As much as I dismiss the left/right spectrum in my footnote below, the government’s position on the spectrum clearly has significant policy implications for citizens. This is especially true for core economic issues, like taxation, regulation, and provision of public goods.6 So I have a hard time believing that the graphs above do not indicate a pretty serious problem for British Columbians.7


  1. Okay, here is my personal political disclaimer: I don’t care that much. The whole notion that two political parties can have, circa 2018, mutually incompatible theories of how economies work strikes me as shocking and a bit pathetic. I assume some vestigial tribalism is at the root of our attachment to political parties. Having said that, in most cases, my votes in provincial elections have fallen on the RoC. It is not that I do not support—at least in theory—much of the progressive agenda. But I live in rural BC and it seems that the right-of-center candidates in this part of the world tend to be a bit more qualified, a bit better at execution, and a bit less likely to support something (I regard as) dumb. So, in that sense, the conclusions of this analysis are contrary to my (revealed) preferences.
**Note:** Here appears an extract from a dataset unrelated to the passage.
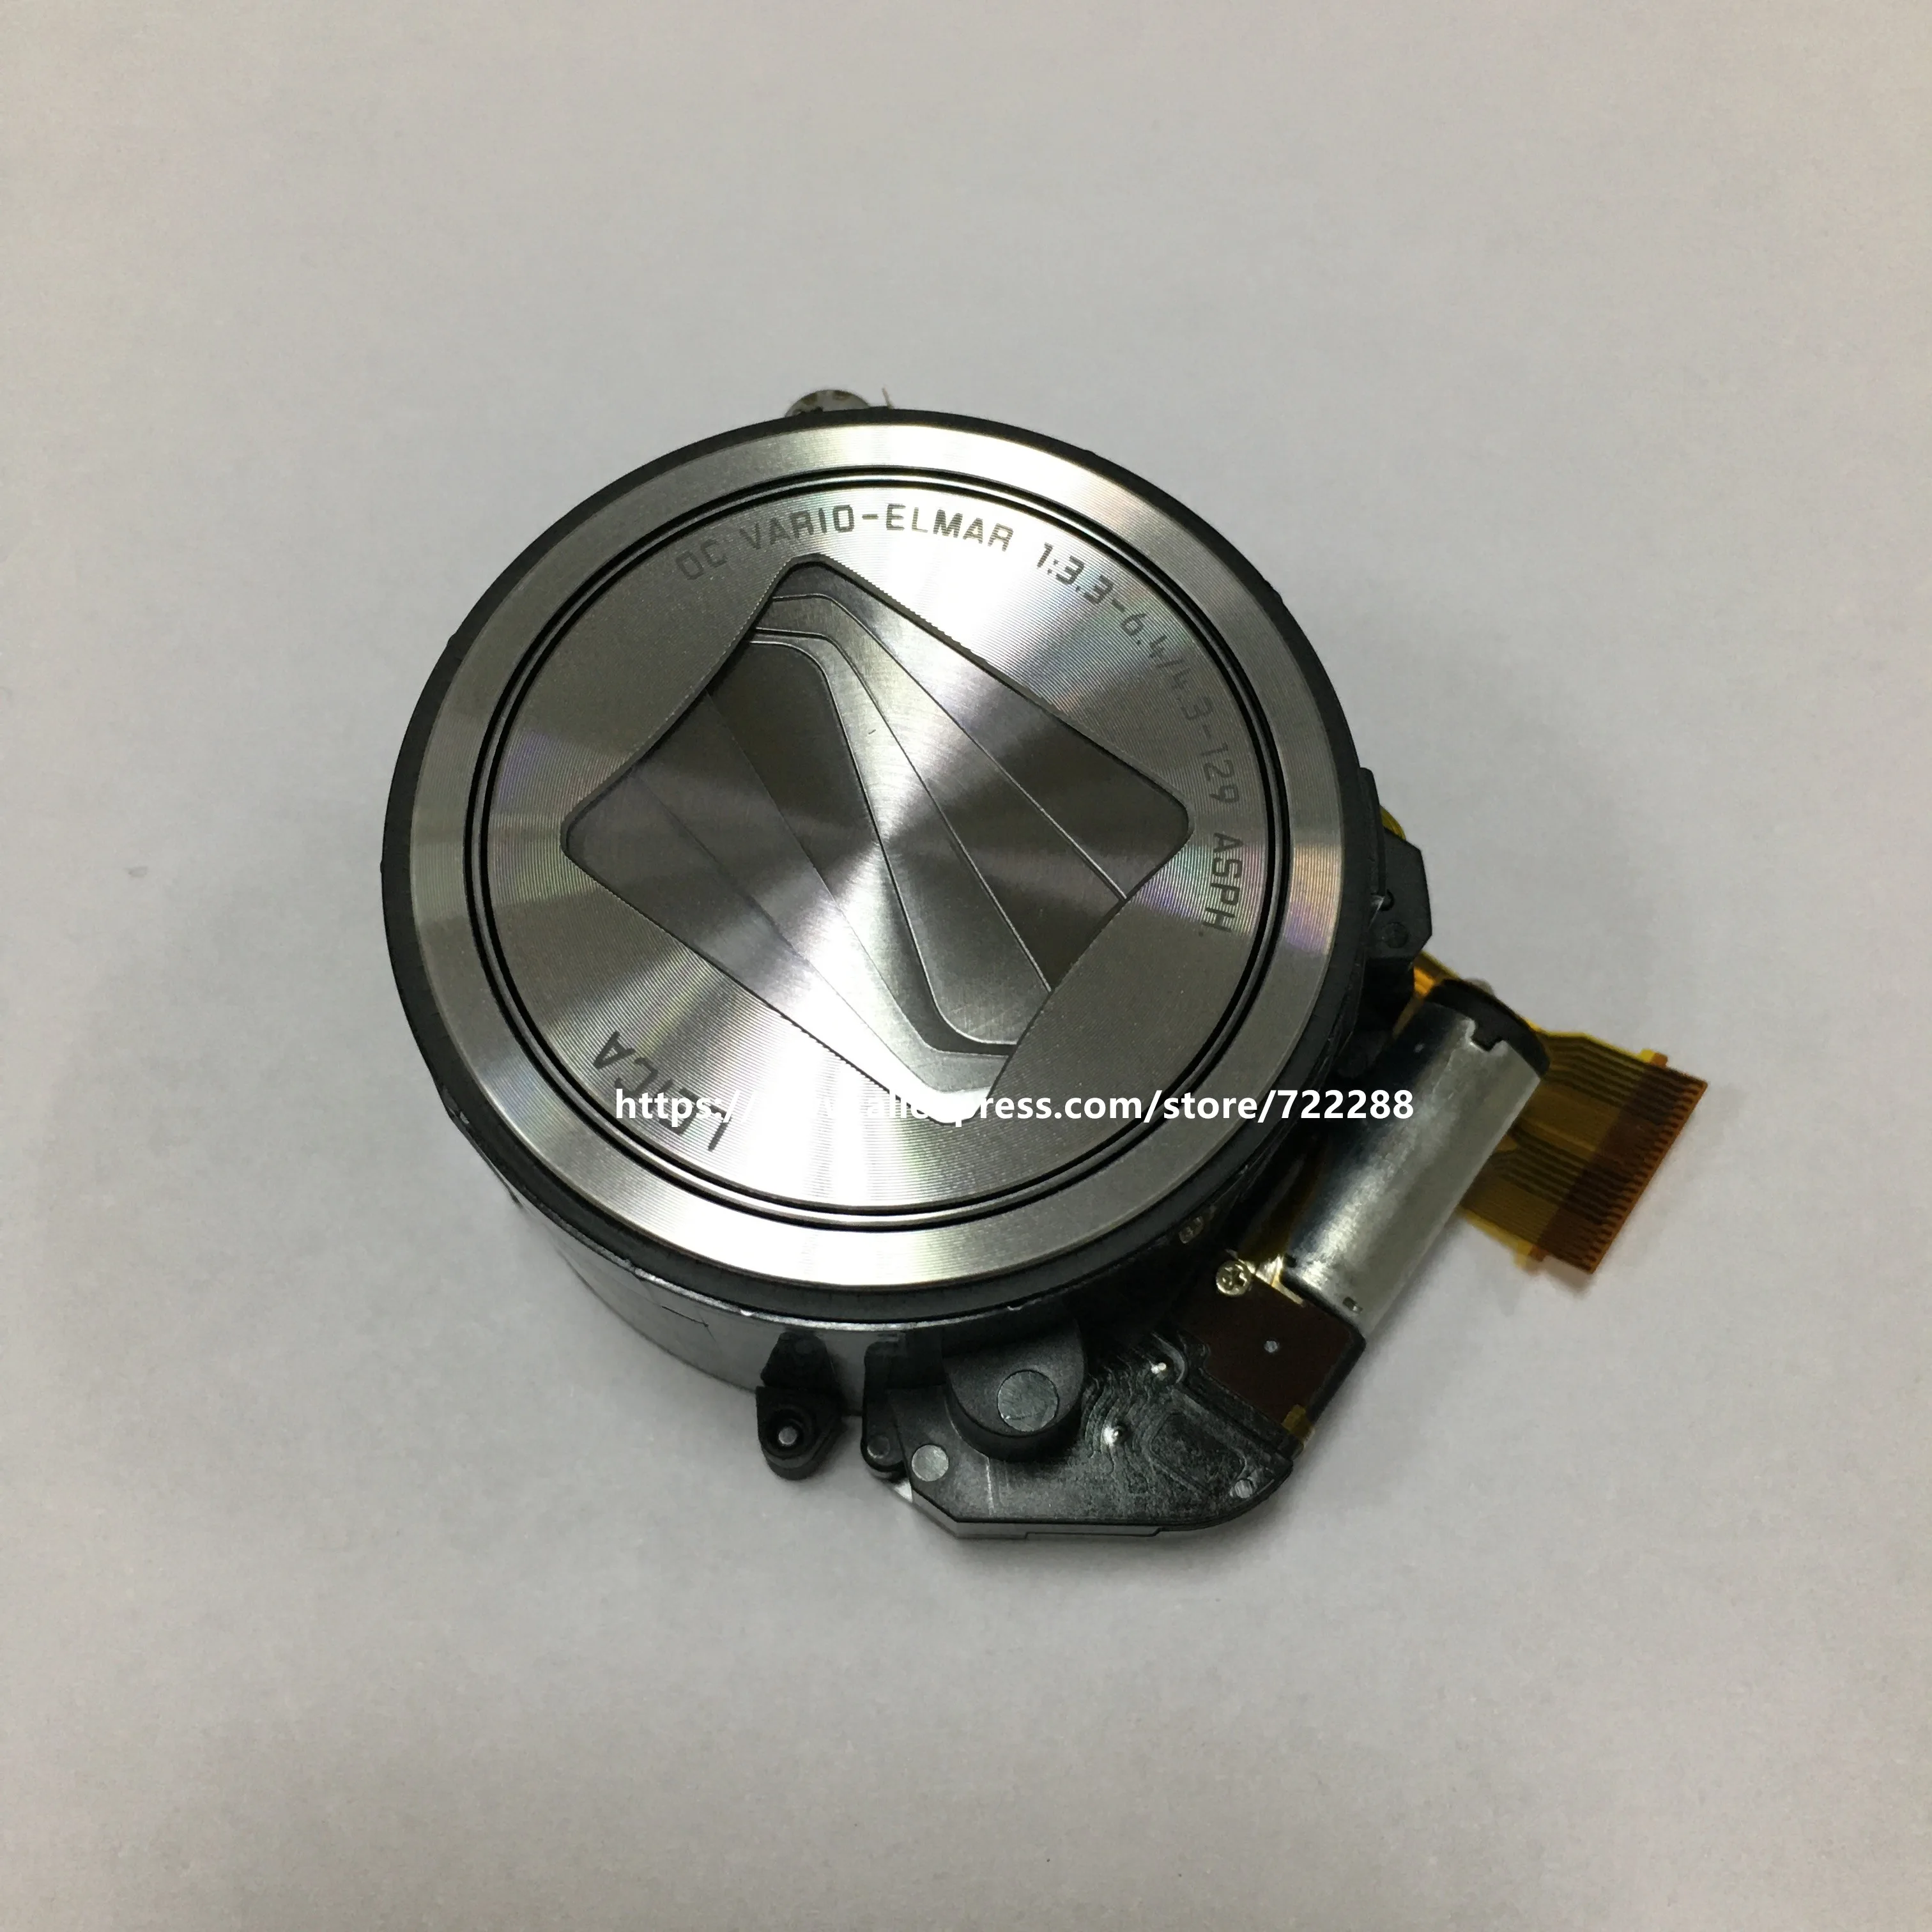 Lens Zoom Unit Repair Part For Panasonic DMC-ZS40 DMC-TZ60 Digital Camera gray

  2. I have nothing against Sam Sullivan and use this example simply because his case sorts near the top of my list. I do not know Sam (although I did meet him once in an elevator). I certainly respect and admire what he has accomplished as an individual.

  3. The inability of British Columbia to make headway in electoral reform is not surprising in light of Social Choice Theory. Complexity and lack of a single best solution for all situations work against simple, universally-supported solutions. In this context, a referendum on the nitty-gritty of electoral processes makes about as much sense as a referendum on the minutiae of VAT mechanisms. We have a representative democracy for a reason.

  4. I have used this as an opportunity to brush up on my R. I doubt I would have done it if Apex Mountain had more snow over the 2018-19 Christmas holidays.

  5. I would have preferred to use SQL on the data frames (tibbles, in tidyverse-speak). But alas, it does not appear that this functionality yet exits. I am sure it will someday.

  6. Preferences may be less stable for non-core issues like the environment. The classic example in BC is the dissonance between the green LoC and the trade union LoC. Card-carrying 30-something construction workers may support the NDP, but this support may not transfer to any anti-big-project platform that threatens their truck payments.

  7. No, I do not think Proportional Representation is a viable solution. Both STV and the party-centric hairballs offered up in the 2018 referendum are, in my view, too complex to be transparent. And transparency has to be one of the the desiderata in social choice.